◆ PROBLEM REQUIREMENTS
Transcribe the listing exactly; drop the images.

◆ GIVEN INFORMATION
##############################

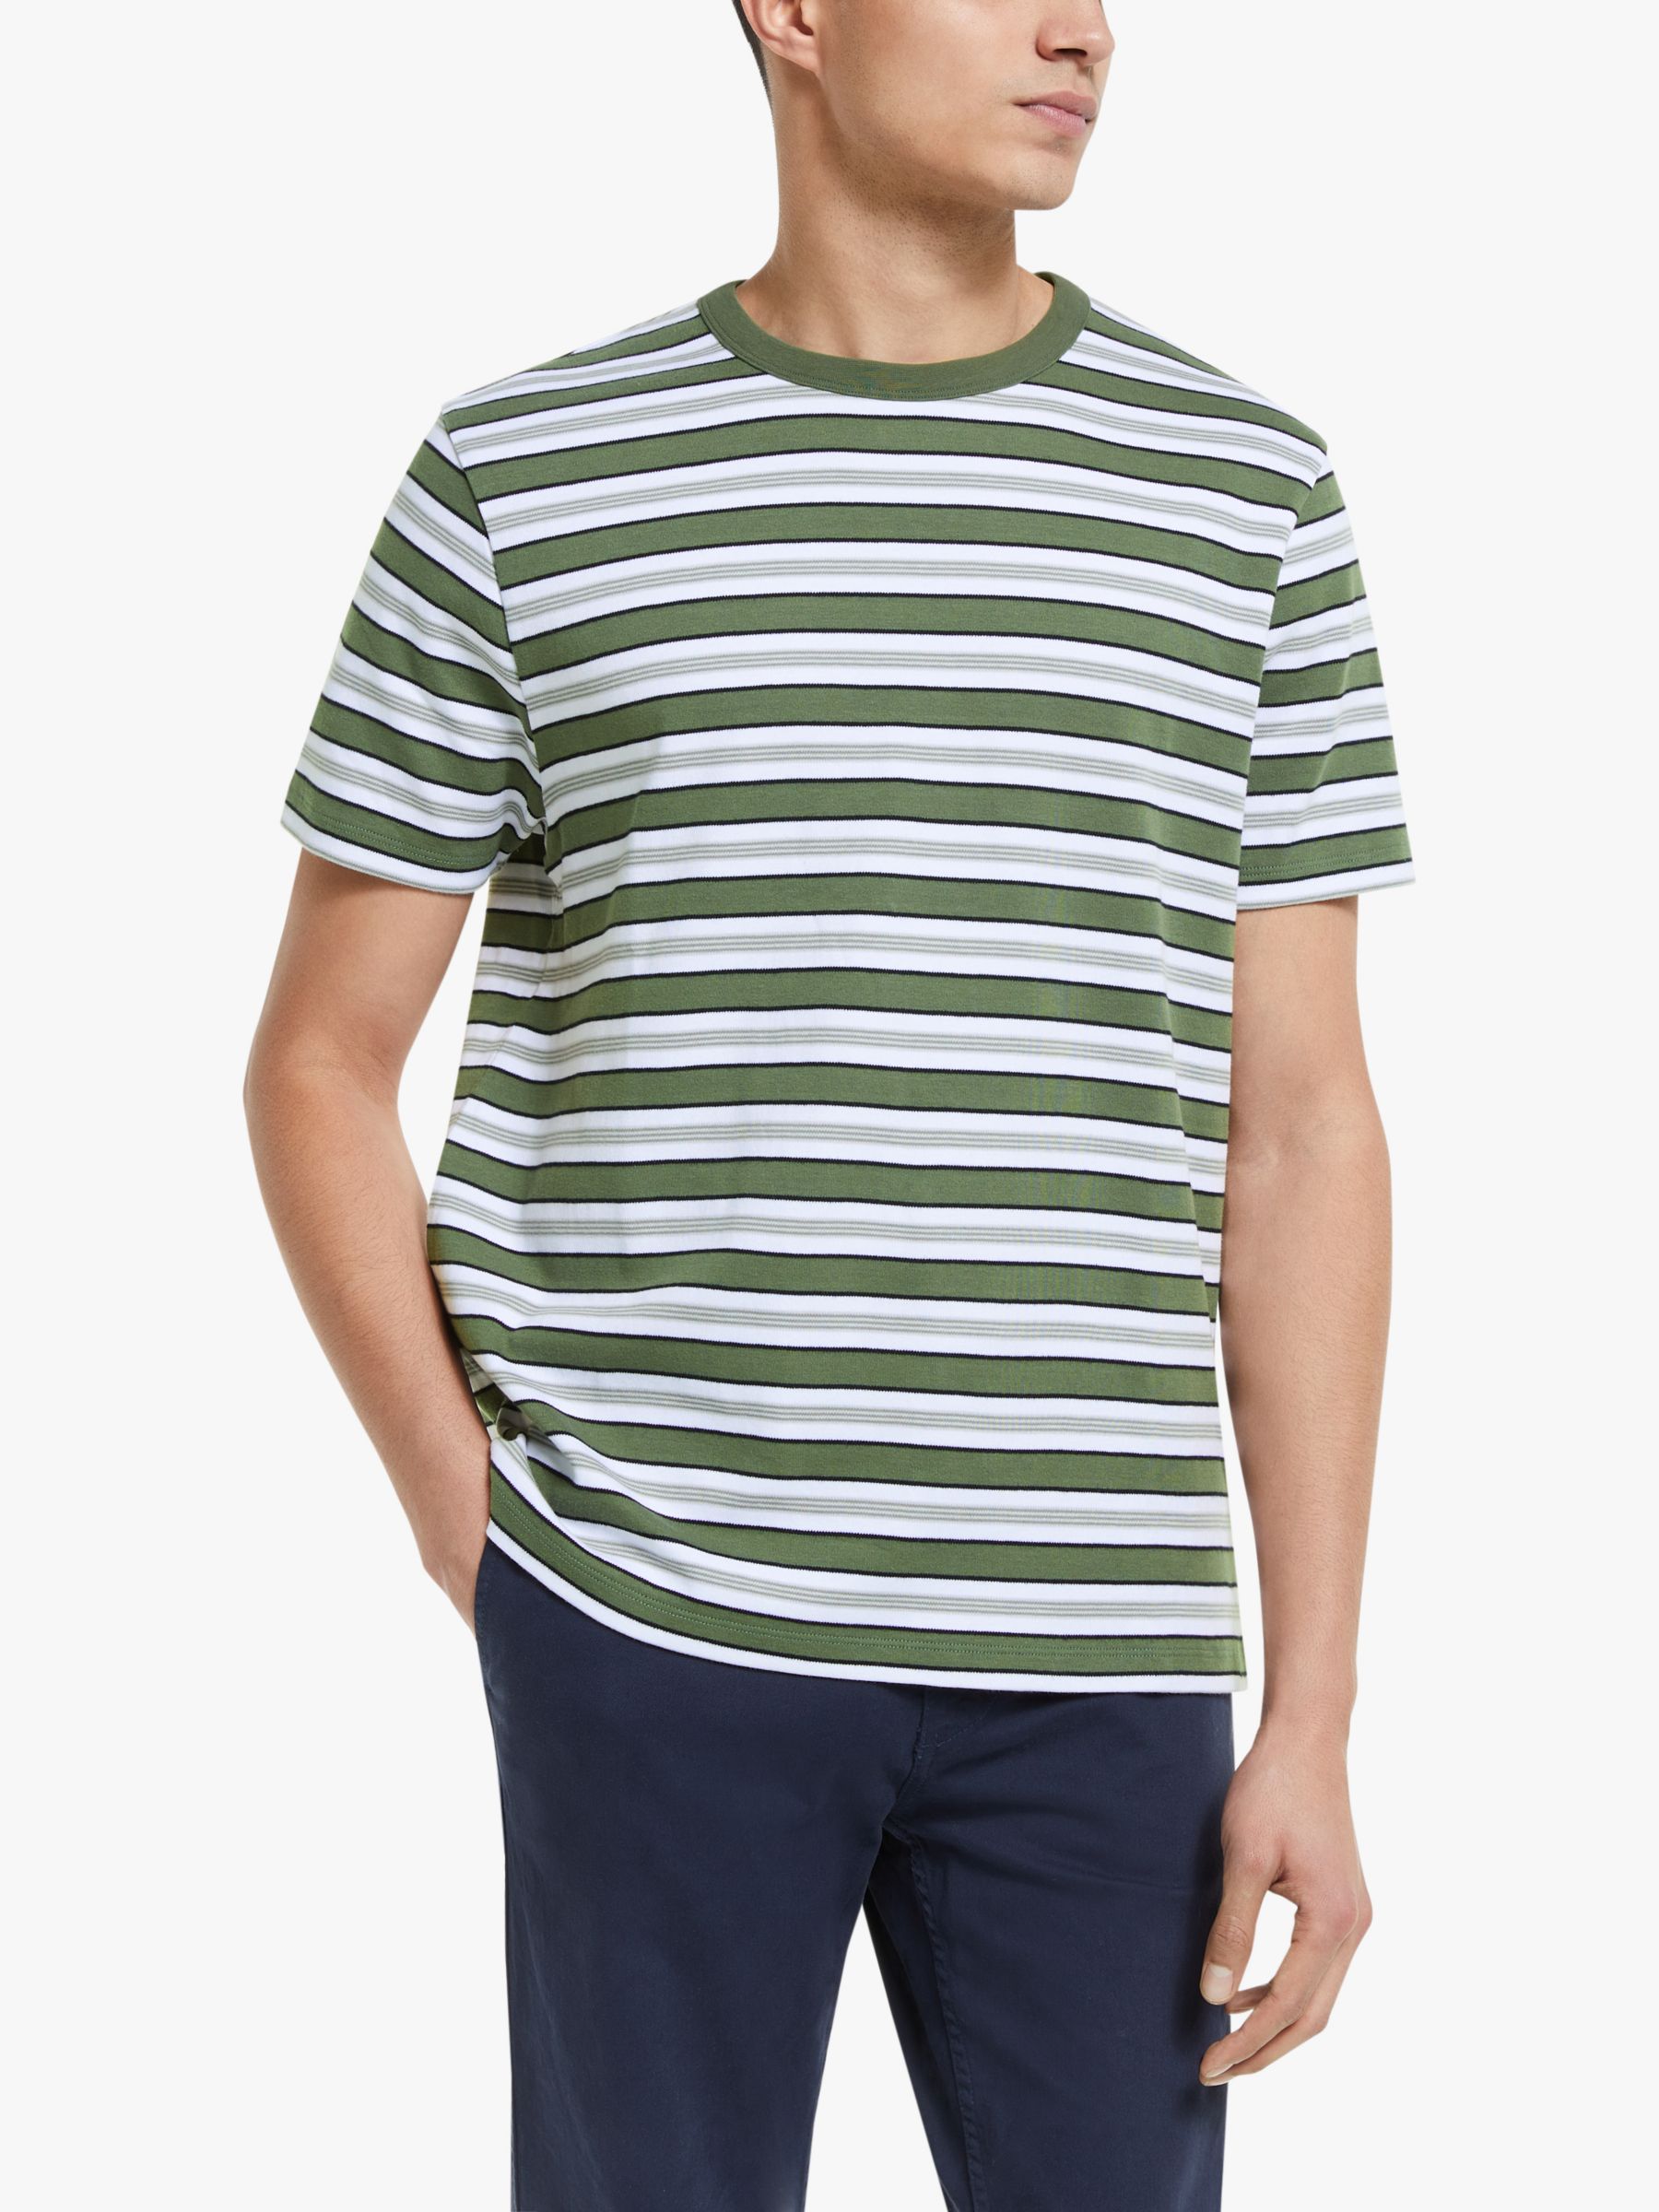 Wax London Duval Stripe Short Sleeve T-Shirt
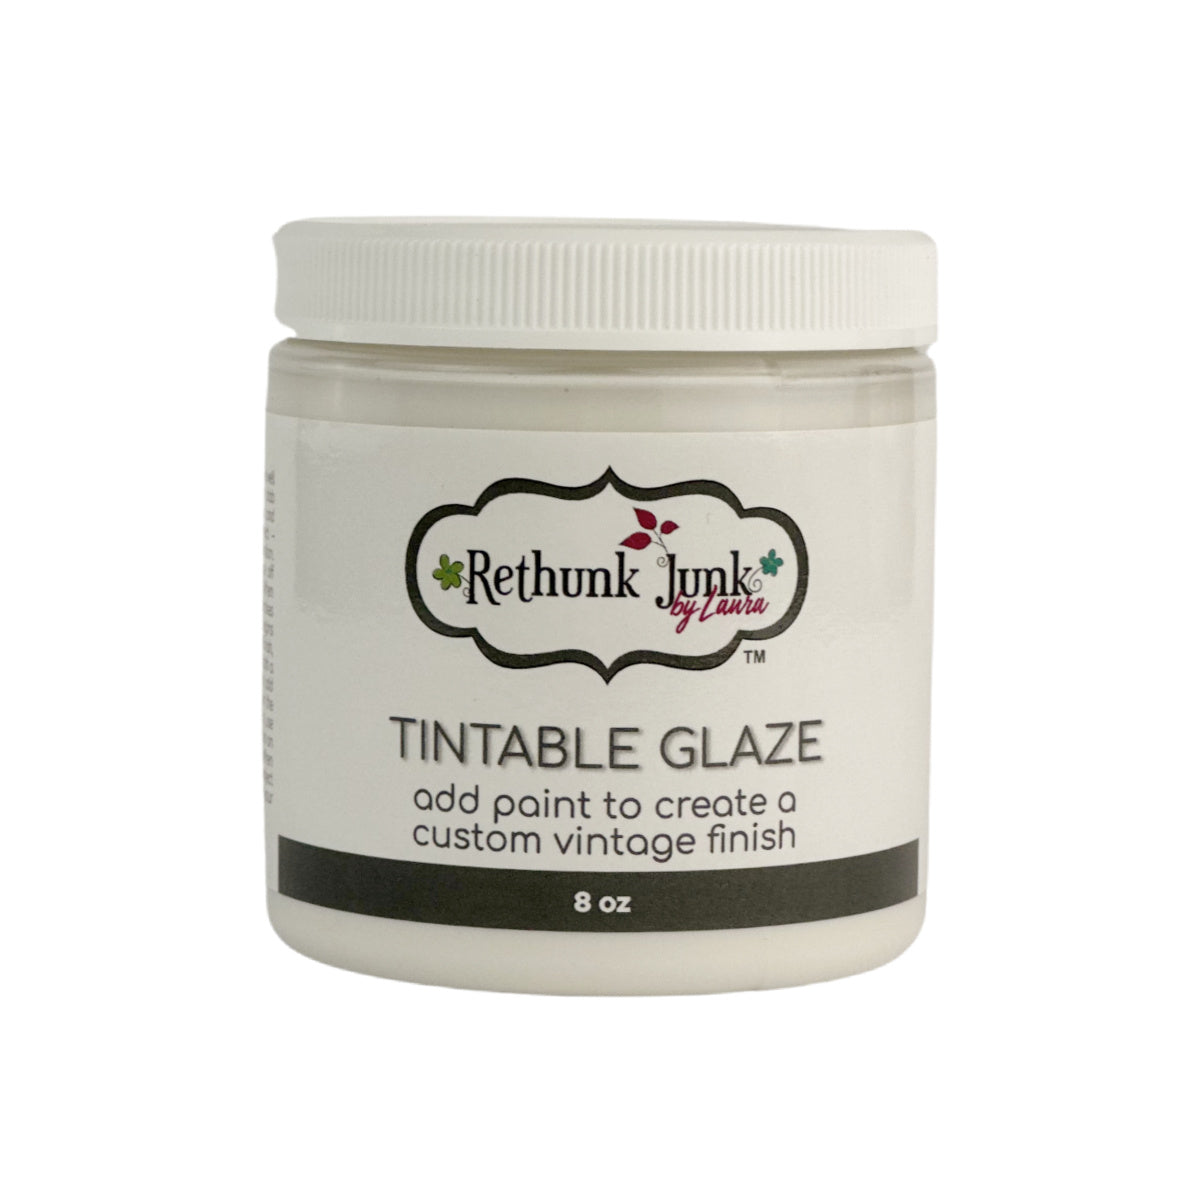 Tintable Glaze
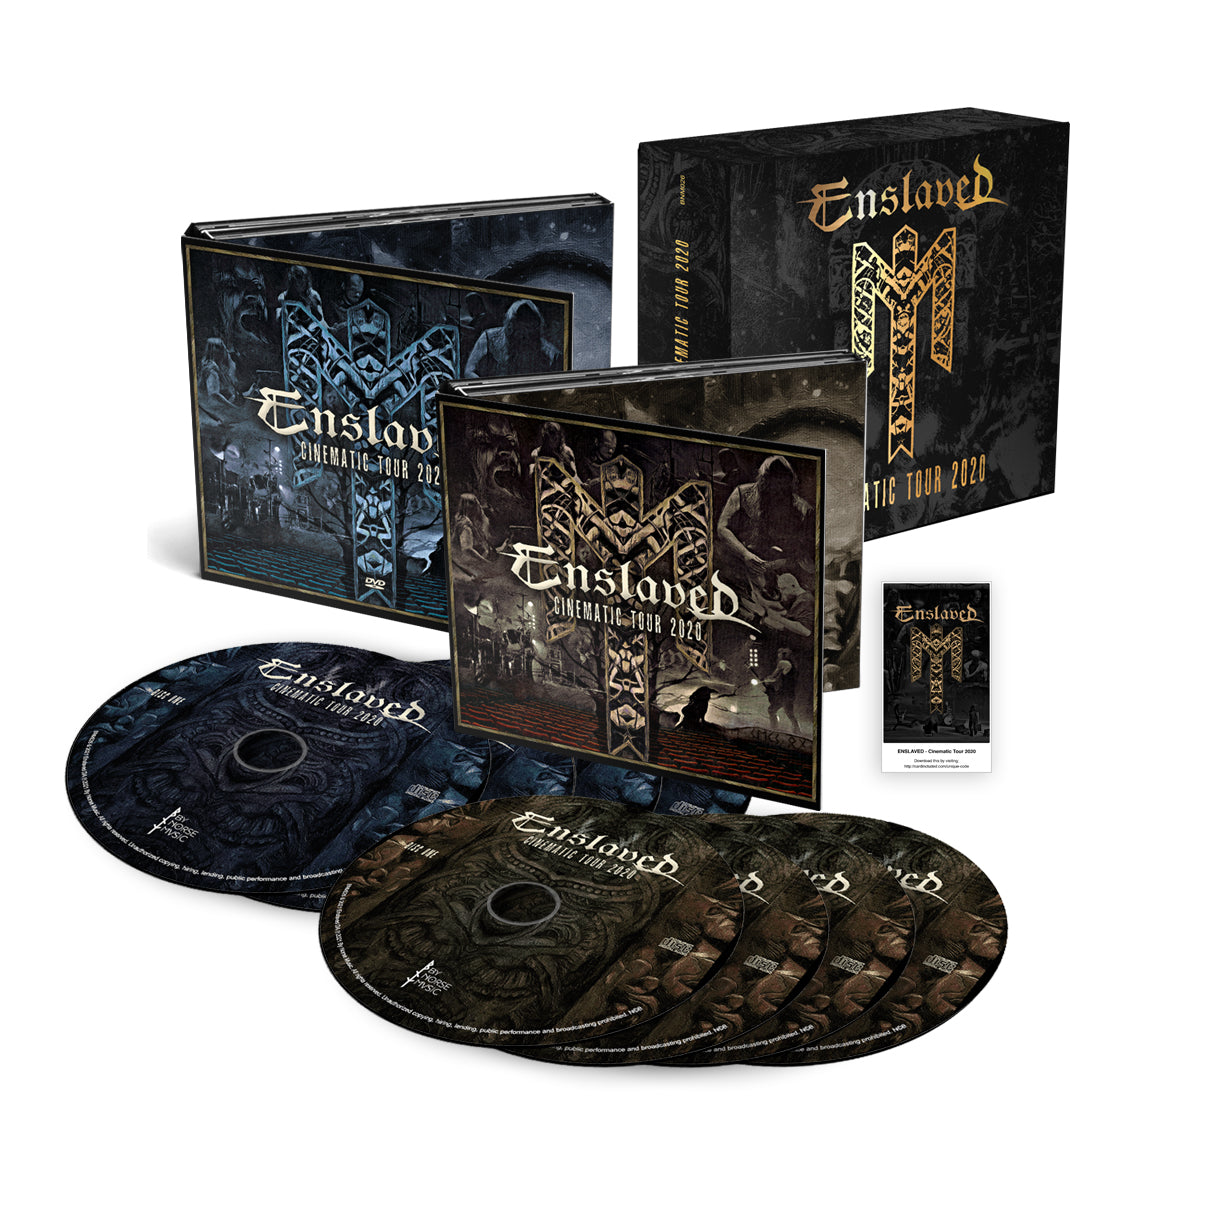 Enslaved - Cinematic Tour 2020 4xCD/4xDVD (PAL) Boxset
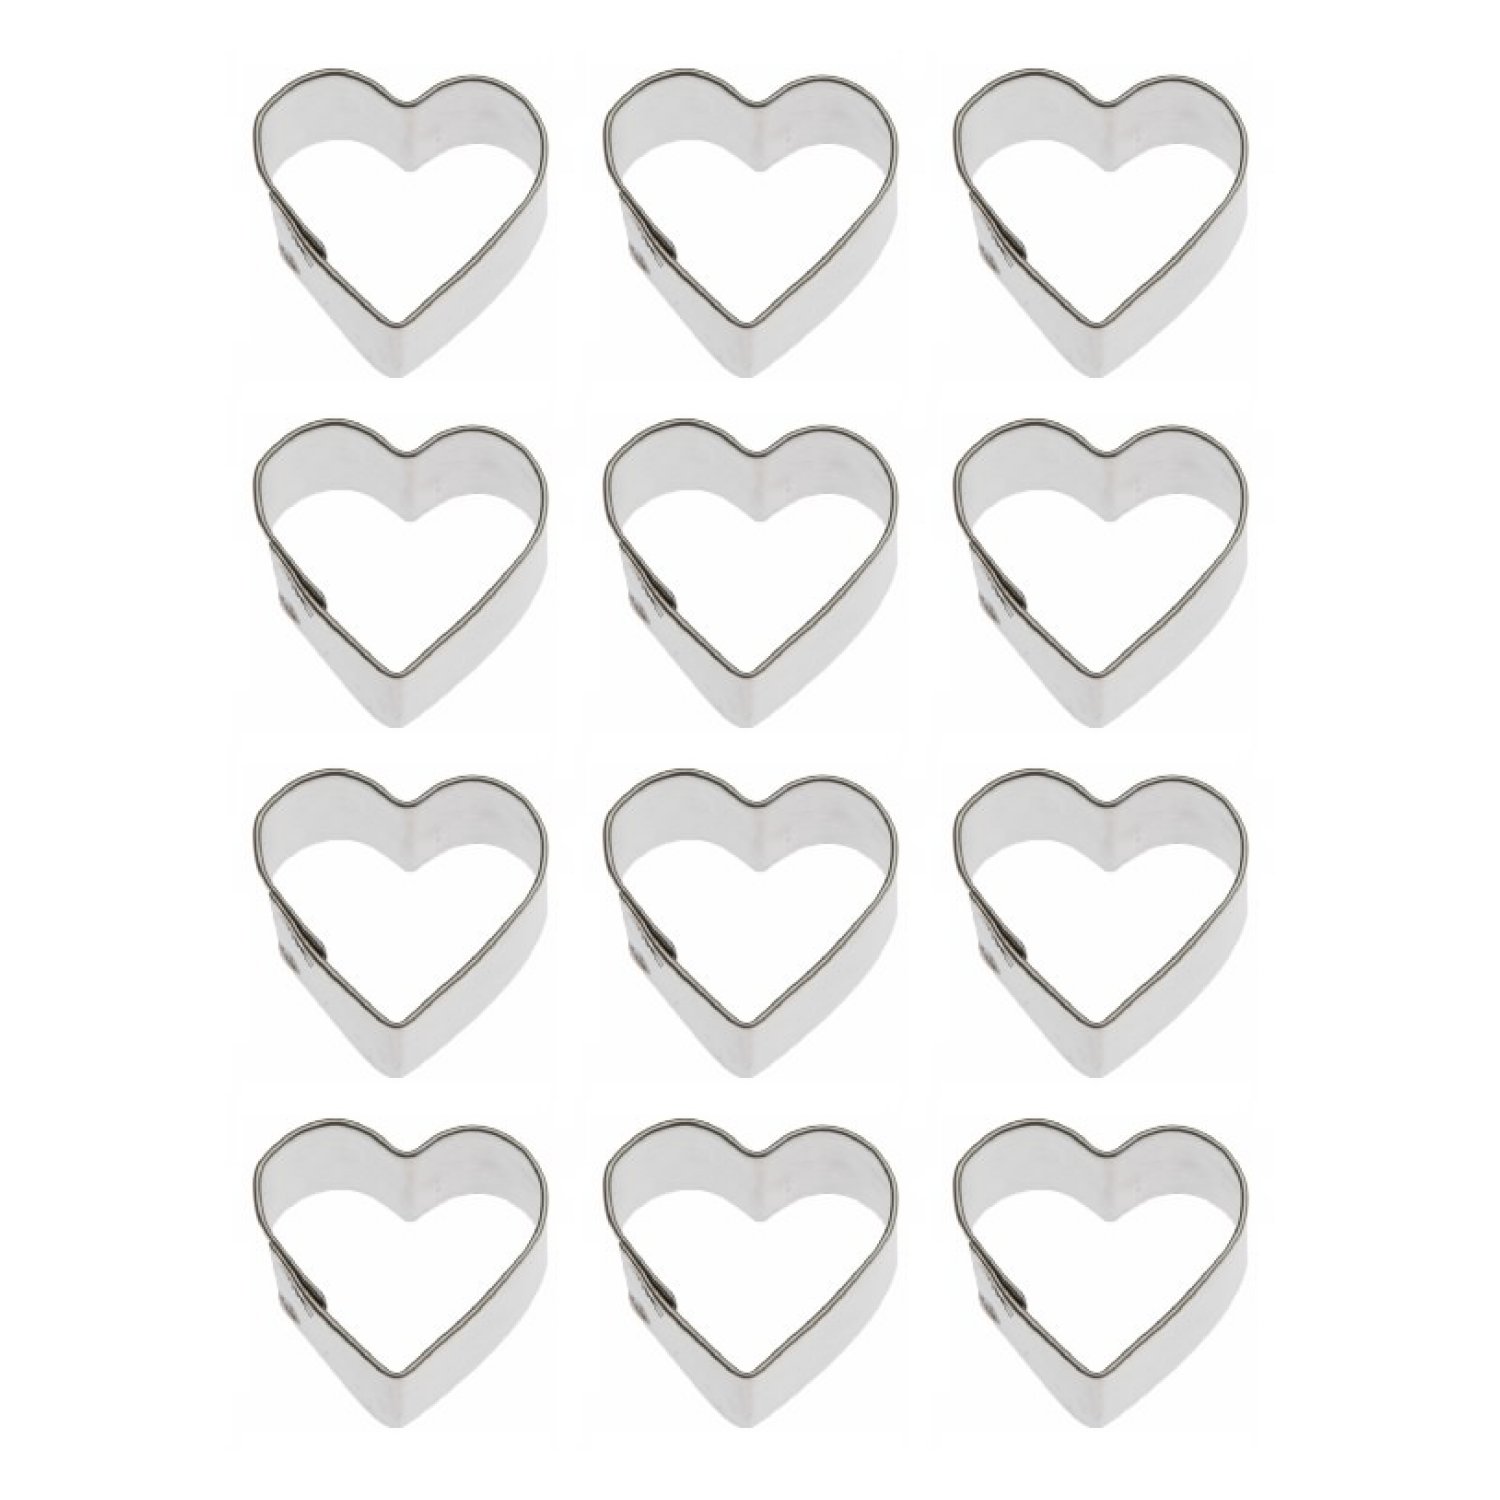 1 Dozen (12) Tiny Mini Heart 1 inch Cookie Cutters | The Cookie Cutter Shop

##############################

◆ ANSWER BOX
 Wax London Duval Stripe Short Sleeve T-Shirt
 Tintable Glaze
 Enslaved - Cinematic Tour 2020 4xCD/4xDVD (PAL) Boxset
 1 Dozen (12) Tiny Mini Heart 1 inch Cookie Cutters | The Cookie Cutter Shop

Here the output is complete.